The coronavirus disease 2019 (COVID-19) pandemic is a global health emergency, resulting in over 50 million infections and over 1.2 million deaths as of mid-November 2020 [1]. Healthcare workers are at a high risk of COVID-19 with large numbers of deaths reported around Europe and the UK, particularly among staff in the Black, Asian and minority ethnic (BAME) demographic group [2]. COVID-19 has disproportionately affected BAME individuals even after accounting for age, sex, social deprivation and comorbidity [3].
Short abstract
NHS staff with vitamin D deficiency were more likely to have developed COVID-19, with staff from BAME ethnicity being the most vitamin D deficient https://bit.ly/2J3kVTc
To the Editor:
The coronavirus disease 2019 (COVID-19) pandemic is a global health emergency, resulting in over 50 million infections and over 1.2 million deaths as of mid-November 2020 [1]. Healthcare workers are at a high risk of COVID-19 with large numbers of deaths reported around Europe and the UK, particularly among staff in the Black, Asian and minority ethnic (BAME) demographic group [2]. COVID-19 has disproportionately affected BAME individuals even after accounting for age, sex, social deprivation and comorbidity [3].

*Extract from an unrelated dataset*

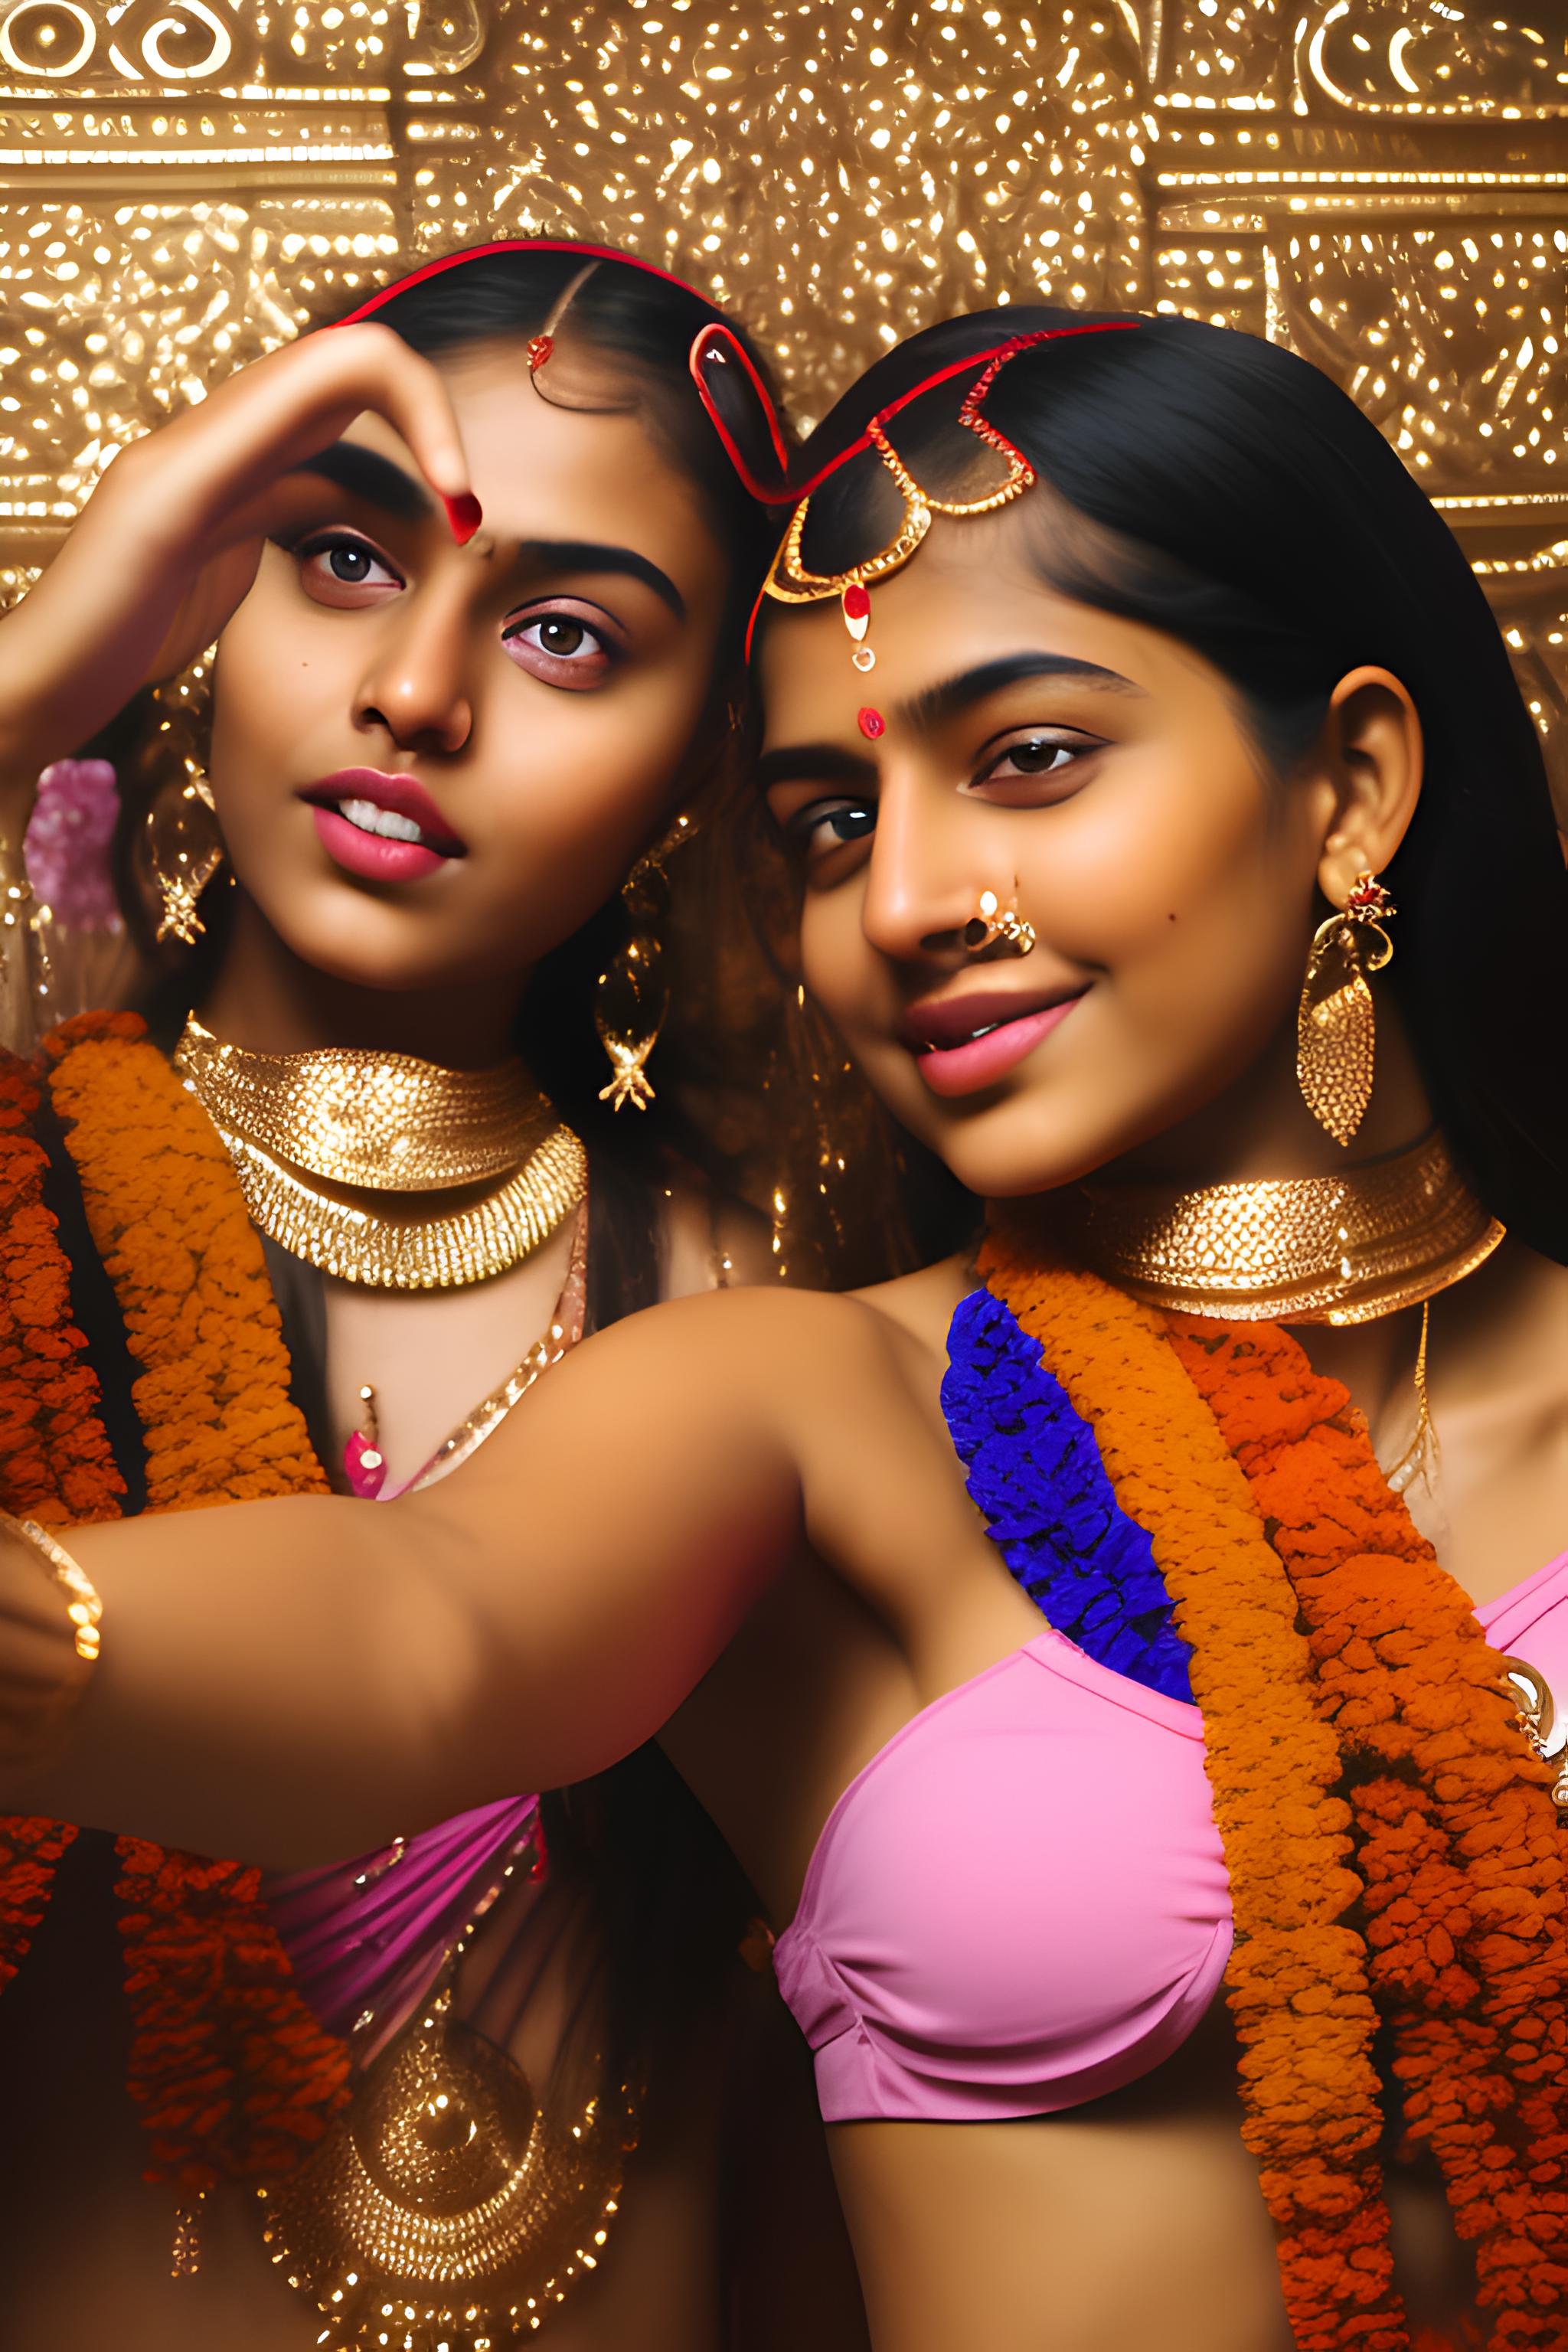 nude indian girls posing for a selfie in a public bathroom, hindu ...

Vitamin D deficiency (VDD) is common in those of BAME ethnicity [4]. In VDD, both innate and adaptive immunity becomes dysregulated, increasing the risk of respiratory infection, as seen in influenza, common cold viruses and tuberculosis [5, 6]. There has been a great deal of interest in the role of VDD in COVID-19, with recent evidence suggesting VDD is more frequent in patients with severe COVID-19 compared to mild cases [7]. The prevalence of VDD and association with COVID-19 in healthcare workers has not been investigated.

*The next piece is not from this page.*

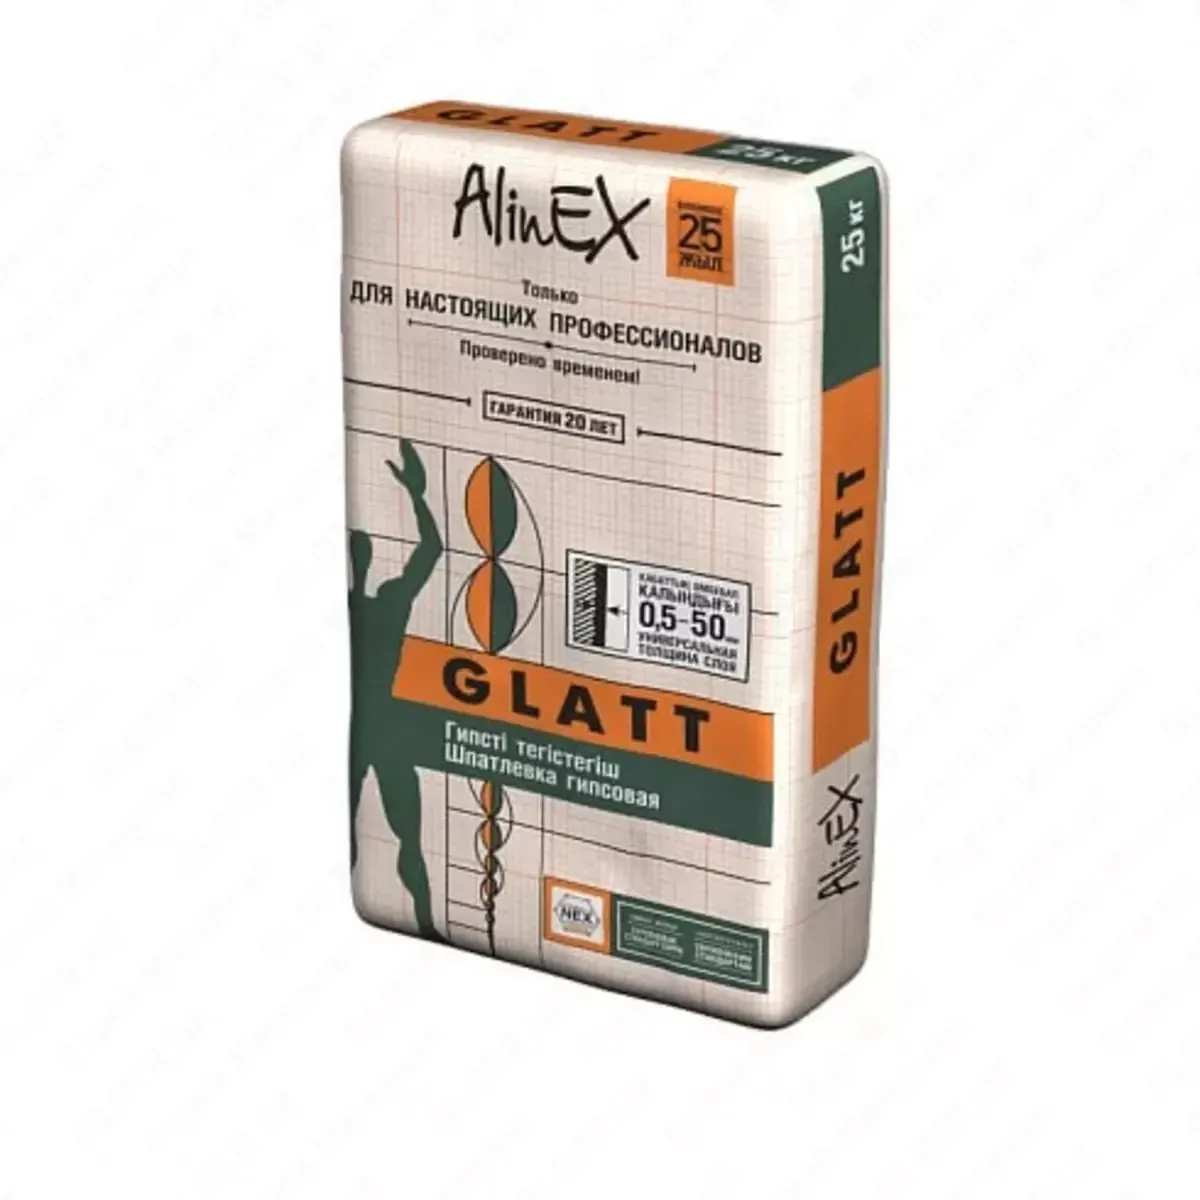 Шпатлевка Glatt 25 кг ALINEX#1

We hypothesised that VDD was more common in healthcare workers who have seroconverted for COVID-19. This study defined the factors associated with VDD and the relationship between COVID-19 seroconversion and VDD.
This cross-sectional observational study recruited healthcare workers between 12 and 22 May, 2020 from the University Hospitals Birmingham NHS Foundation Trust (UHBFT) across four sites. This was a sub-study of the COVID-19 convalescent immunity study (COCO) approved by the London – Camden and Kings Cross Research Ethics Committee (20/HRA/1817). The main inclusion criteria were staff members who had isolated for symptoms suggestive of COVID-19. After obtaining consent, blood samples were taken for measurement of vitamin D levels by mass spectrometry, and anti-SARS-CoV-2 spike glycoprotein antibodies using a combined IgG, IgA, IgM ELISA (The Binding Site; product code: MK654) [8]. This CE marked assay has 98.6% (95% CI 92.6–100) sensitivity and 98.3% (95% CI 96.4–99.4) specificity. The median time from symptom onset to sample collection was 48 days. COVID-19 seroconversion was used to indicate previous infection with severe acute respiratory syndrome coronavirus 2 (SARS-CoV-2). VDD was defined as serum 25(OH)D3 concentration <30 nmol·L−1 as per the UHBFT clinical laboratory reference range and the UK National Osteoporosis Society guidance [9].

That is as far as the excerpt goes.